Moreover, integrating biomineral-based biosensors with microfluidics and nanotechnology presents another exciting avenue for advancement. This convergence has the potential to create miniaturized, high-throughput, and multiplexed sensing platforms, enabling the analysis of smaller sample volumes, faster processing times, and the simultaneous detection of multiple targets.

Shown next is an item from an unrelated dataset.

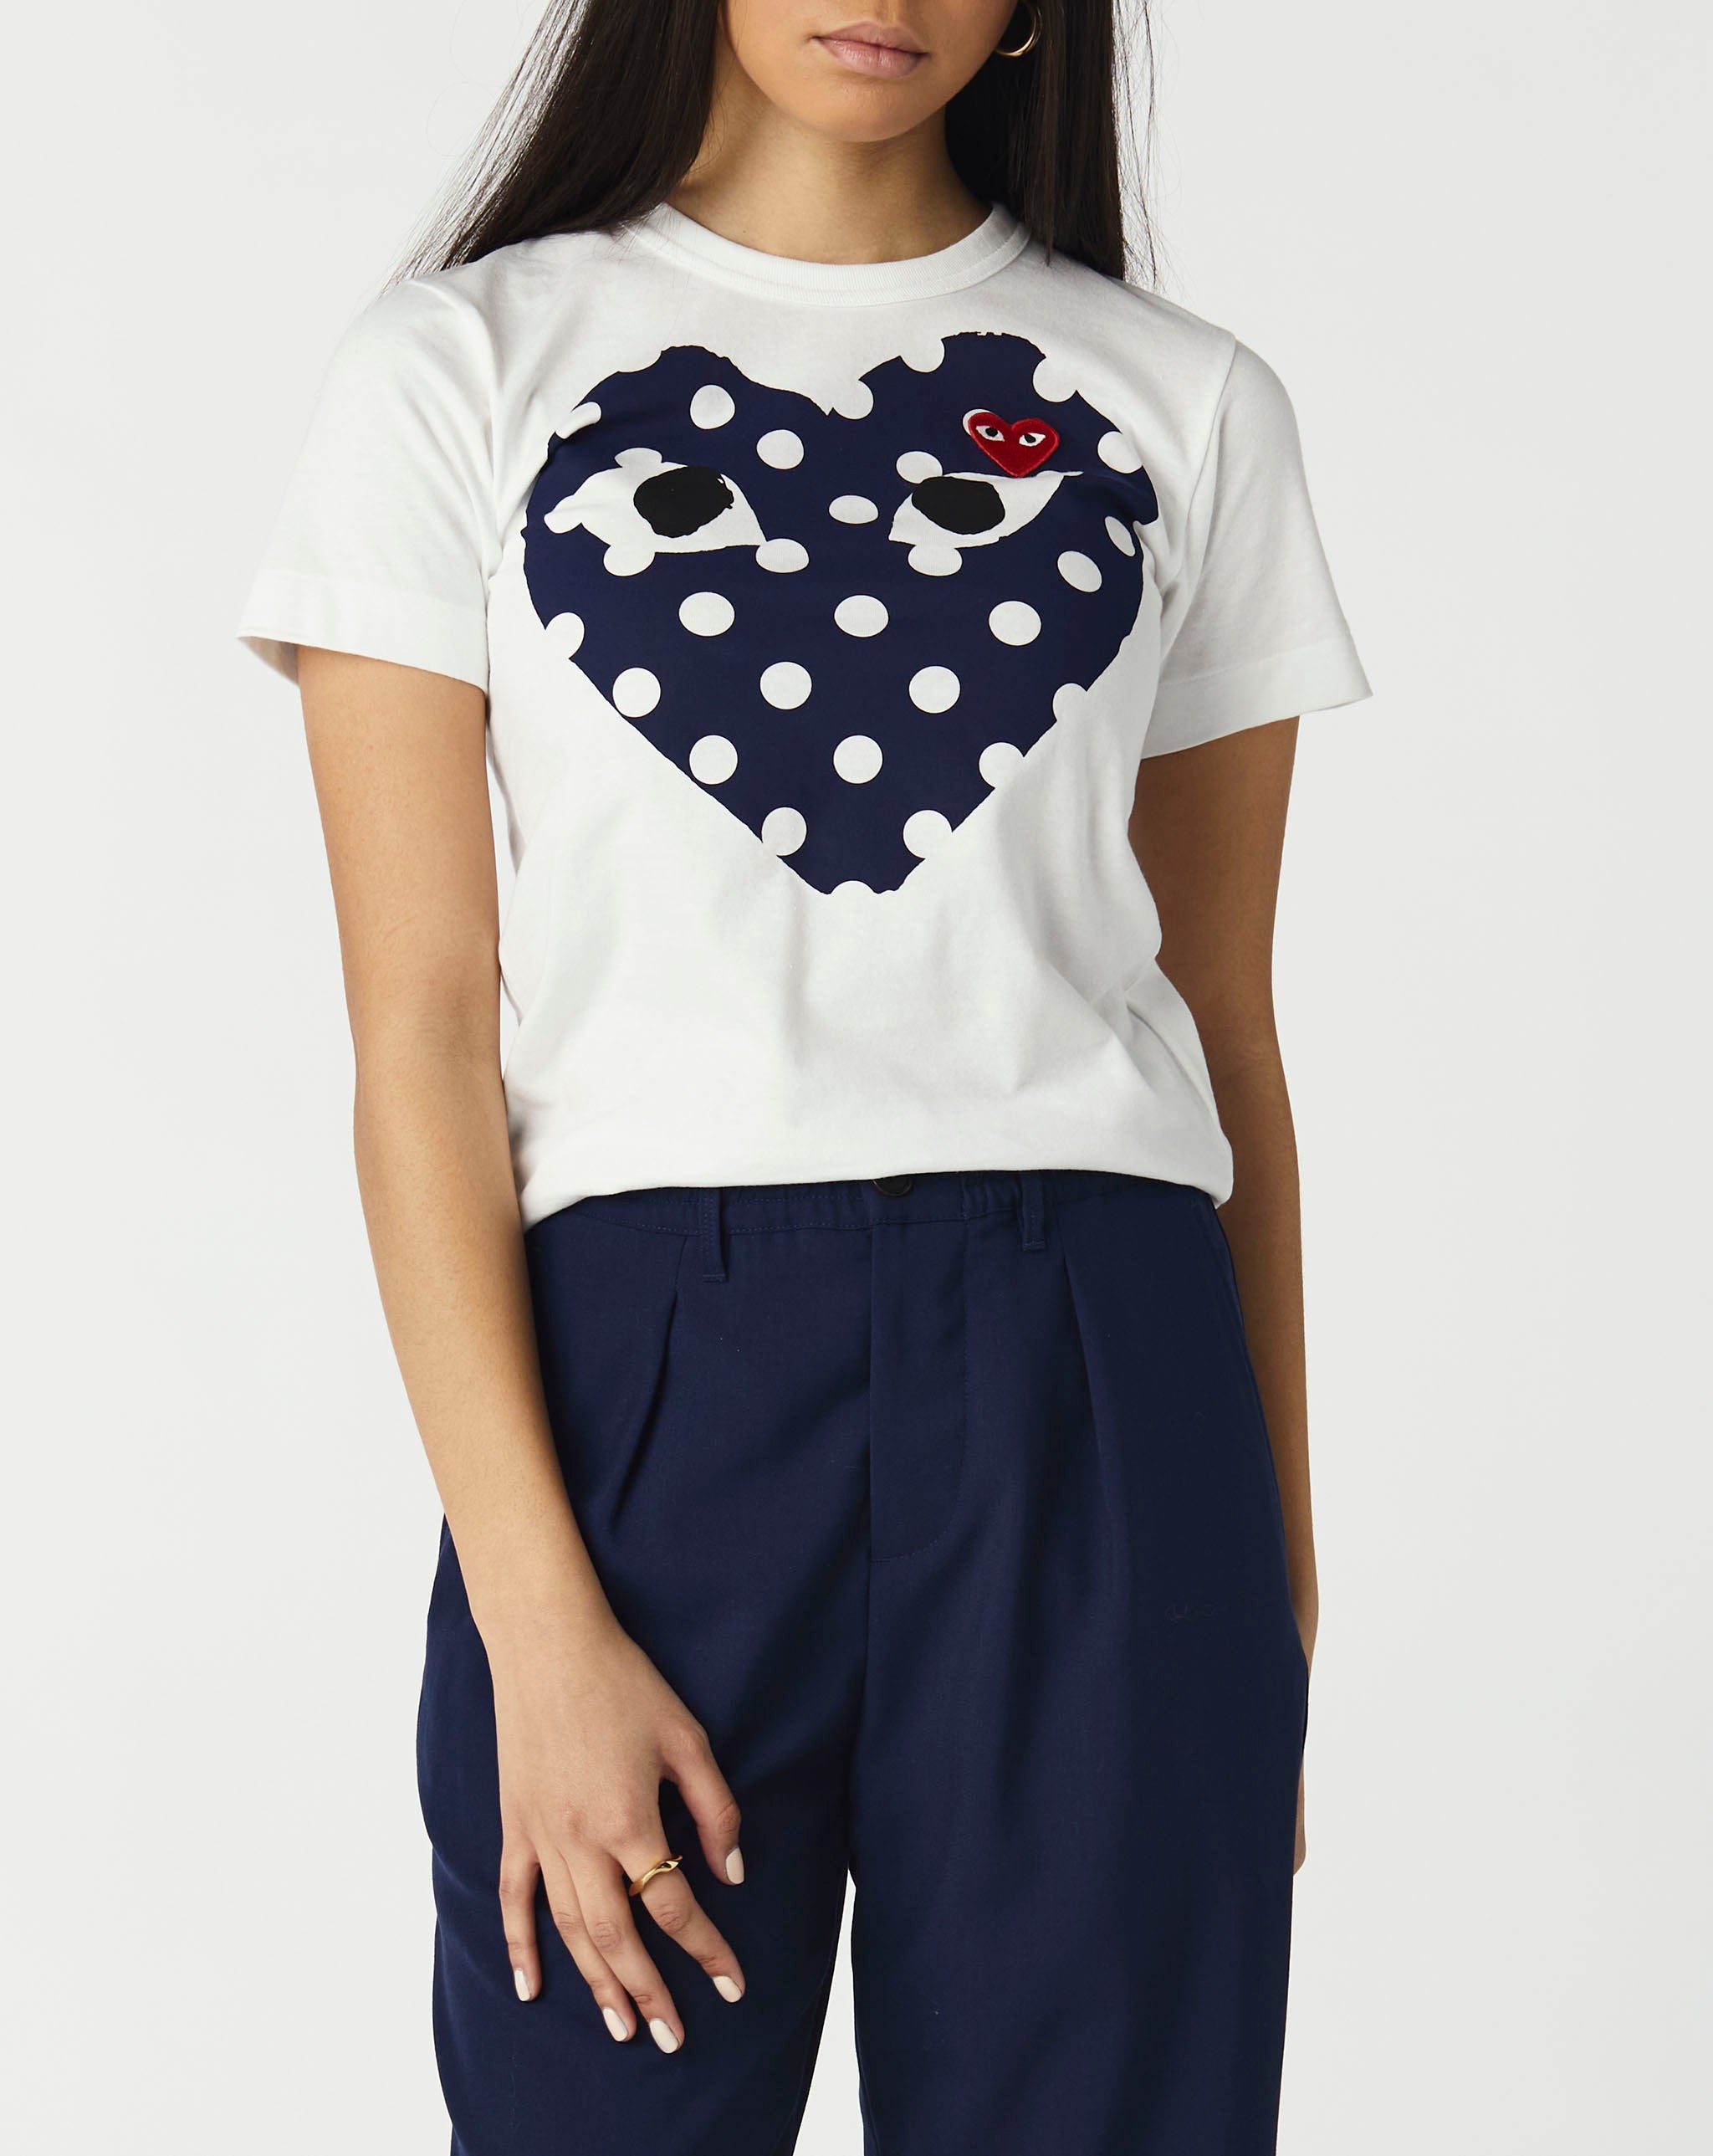 Womens Heart T-Shirt Women's Play Polka Dot T-Shirt  - Cheap Urlfreeze Jordan outlet

Enhancing biocompatibility and biorecognition remains a crucial area of exploration for biomineral-based biosensors. Continued research on surface functionalization strategies is essential to improve their biocompatibility and minimize tissue damage or rejection. However, these strategies can introduce unintended consequences. For instance, certain functional groups might trigger immune responses or hinder the sensor’s ability to interact with the target analyte [126]. Despite these challenges, surface functionalization offers a powerful tool for achieving high biorecognition [127]. By mimicking natural binding interactions, biomimetic approaches can enhance a sensor’s selectivity for specific biomarkers. However, optimizing these interactions for complex biological environments, which can introduce interferences that affect sensor performance, remains an active area of research.

Furthermore, the incorporation of machine learning and artificial intelligence algorithms offers a transformative leap in data analysis capabilities [128,129]. These algorithms can unlock new levels of data analysis, improve signal processing, and facilitate real-time monitoring, leading to faster and more accurate results. Finally, the development of user-friendly and portable biomineral-based sensors presents a paradigm shift for point-of-care diagnostics and environmental sensing. These user-friendly sensors could enable on-site and real-time detection in resource-limited settings, proving particularly beneficial for early disease detection and environmental monitoring efforts.

By addressing these key areas, biomineral-based biosensors have the potential to become a cornerstone technology for personalized medicine, environmental monitoring, and a wide range of analytical applications. The transformative potential of this technology promises to usher in a new era of sensitive, selective, and user-friendly biosensing.